I’m basically running 3 functions on a pulsar standalone instance, using docker
image apachepulsar/pulsar-all:2.6.0. There is only one instance of each
function for now:
• tasks-JobEnginePulsarFunction: This function keeps track of the state of some
jobs (they have a name and an ID basically). This function saves an entry in
the state for every job to run (one key per job) and send a message in a topic
for a consumer that will try to process the job and send various events back,
like job start, and then failed / completed. The function will record in the
state the events that happened for that job and when failed it will send a new
message to have the job retried. When it receives an event saying the job
completed, it will delete the associated state because it won’t be used
anymore.
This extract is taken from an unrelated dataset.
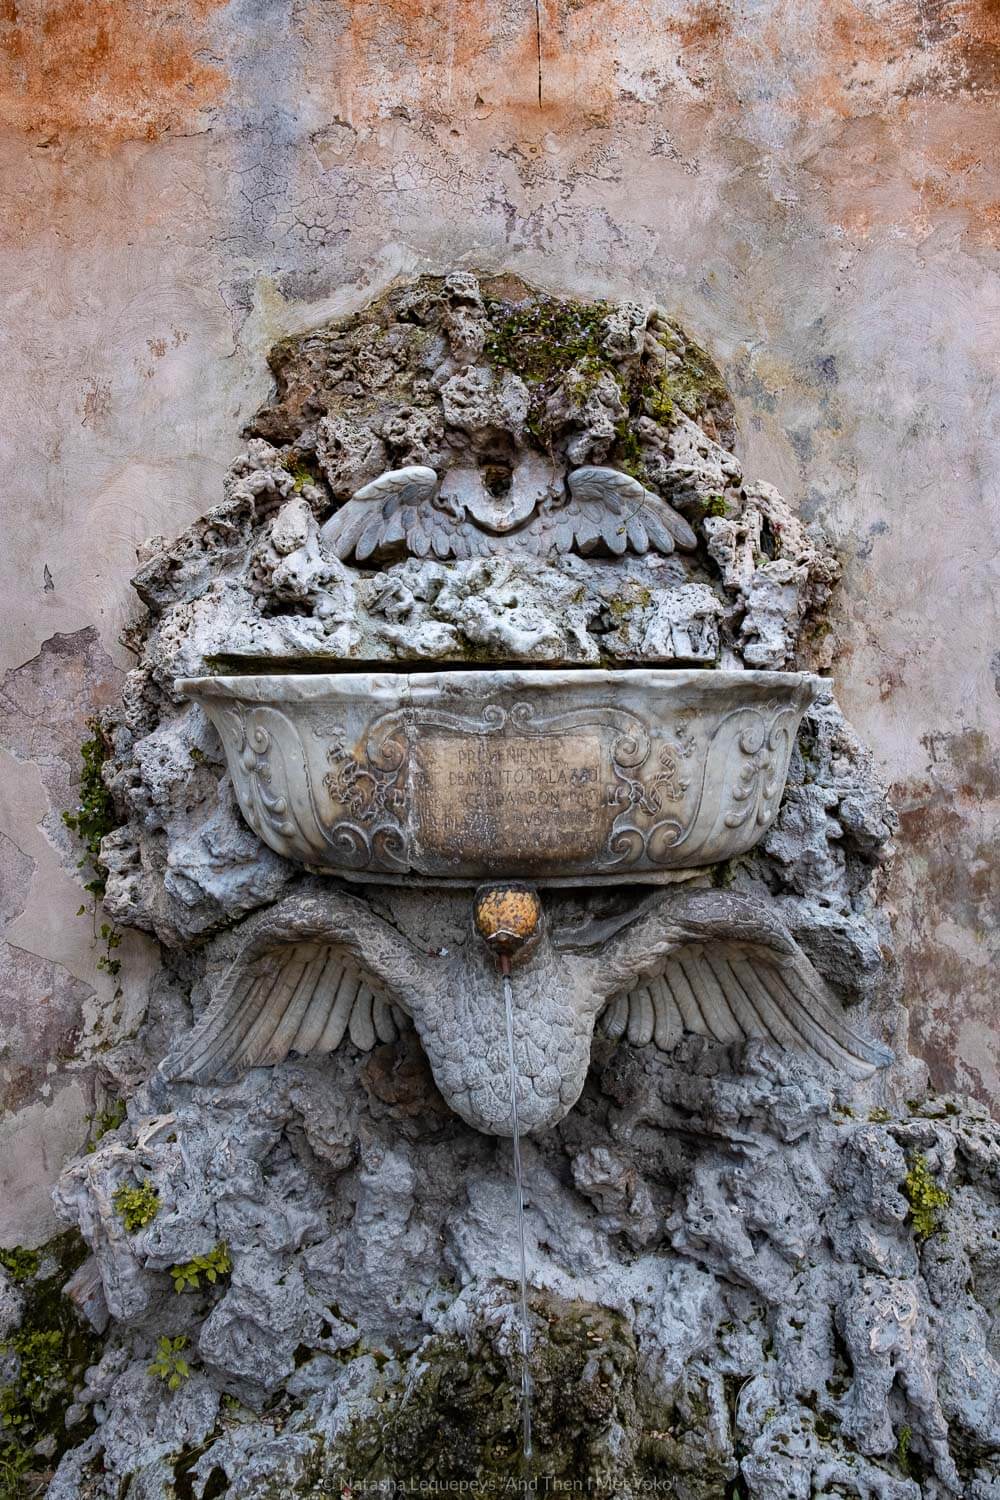 Water fountain in the Orange Garden in Rome, Italy. Travel photography and guide by © Natasha Lequepeys for "And Then I Met Yoko". #rome #italy #travelblog #travelphotography
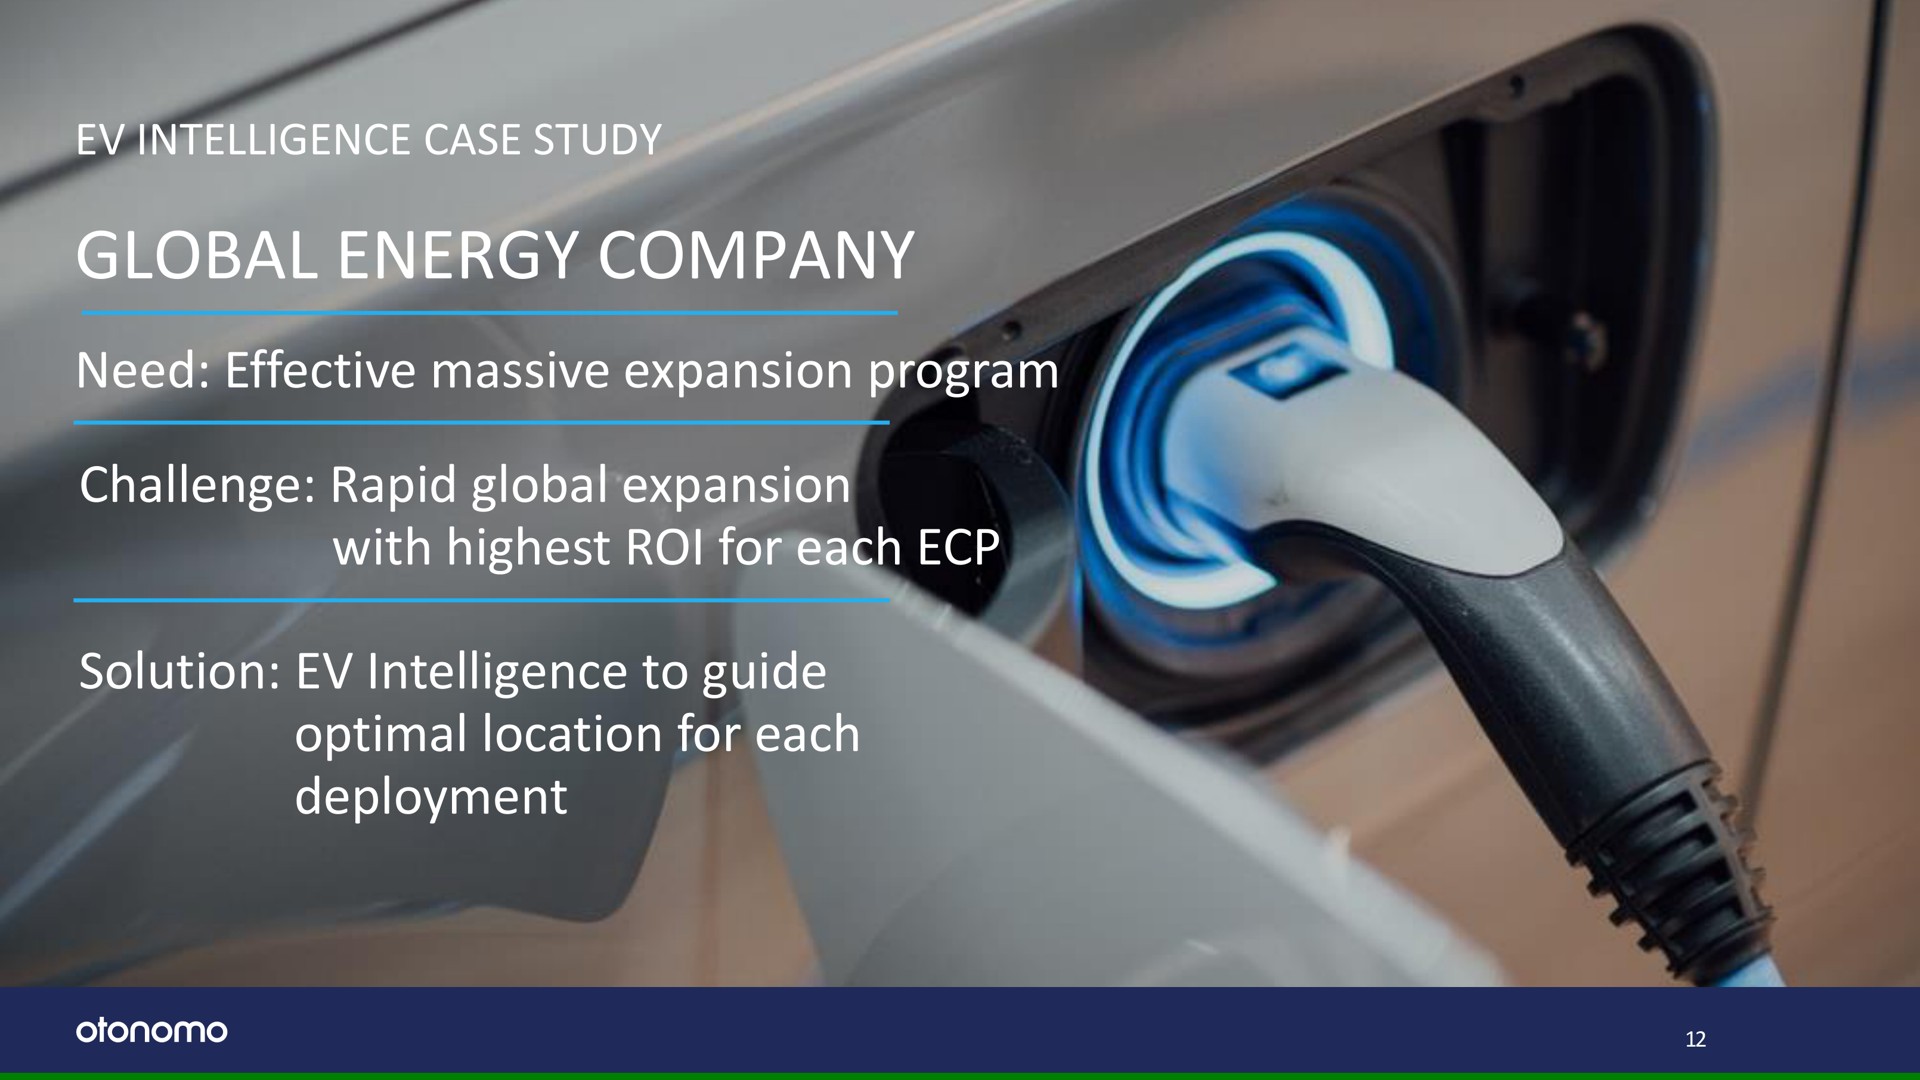 intelligence case study global energy company need effective massive expansion program challenge rapid global expansion with highest roi for each solution intelligence to guide optimal location for each deployment tog elects he tay | Otonomo

When the status of a job changes, the function publishes a message to
a topic named “tasks-monitoring-per-name” containing the old status and the new
status for a job)
• MonitoringPerName: This function uses counters and state to store how many
jobs are in a given state. Based on the state update published by the previous
function, it will decrement the counter corresponding to the old status of the
job, and increment the counter corresponding to the new status. Because
counters are not easy to retrieve from the outside world, this function also
stores the values of the counters in function state. When a new job name is
received, the function publishes in a “tasks-monitoring-global” topic the fact
that it has received a job which was previously not know, and will initialise
counters and state for it.
• MonitoringGlobal: This function uses state to store a list of all job names
that are known, based on the message published by the previous function.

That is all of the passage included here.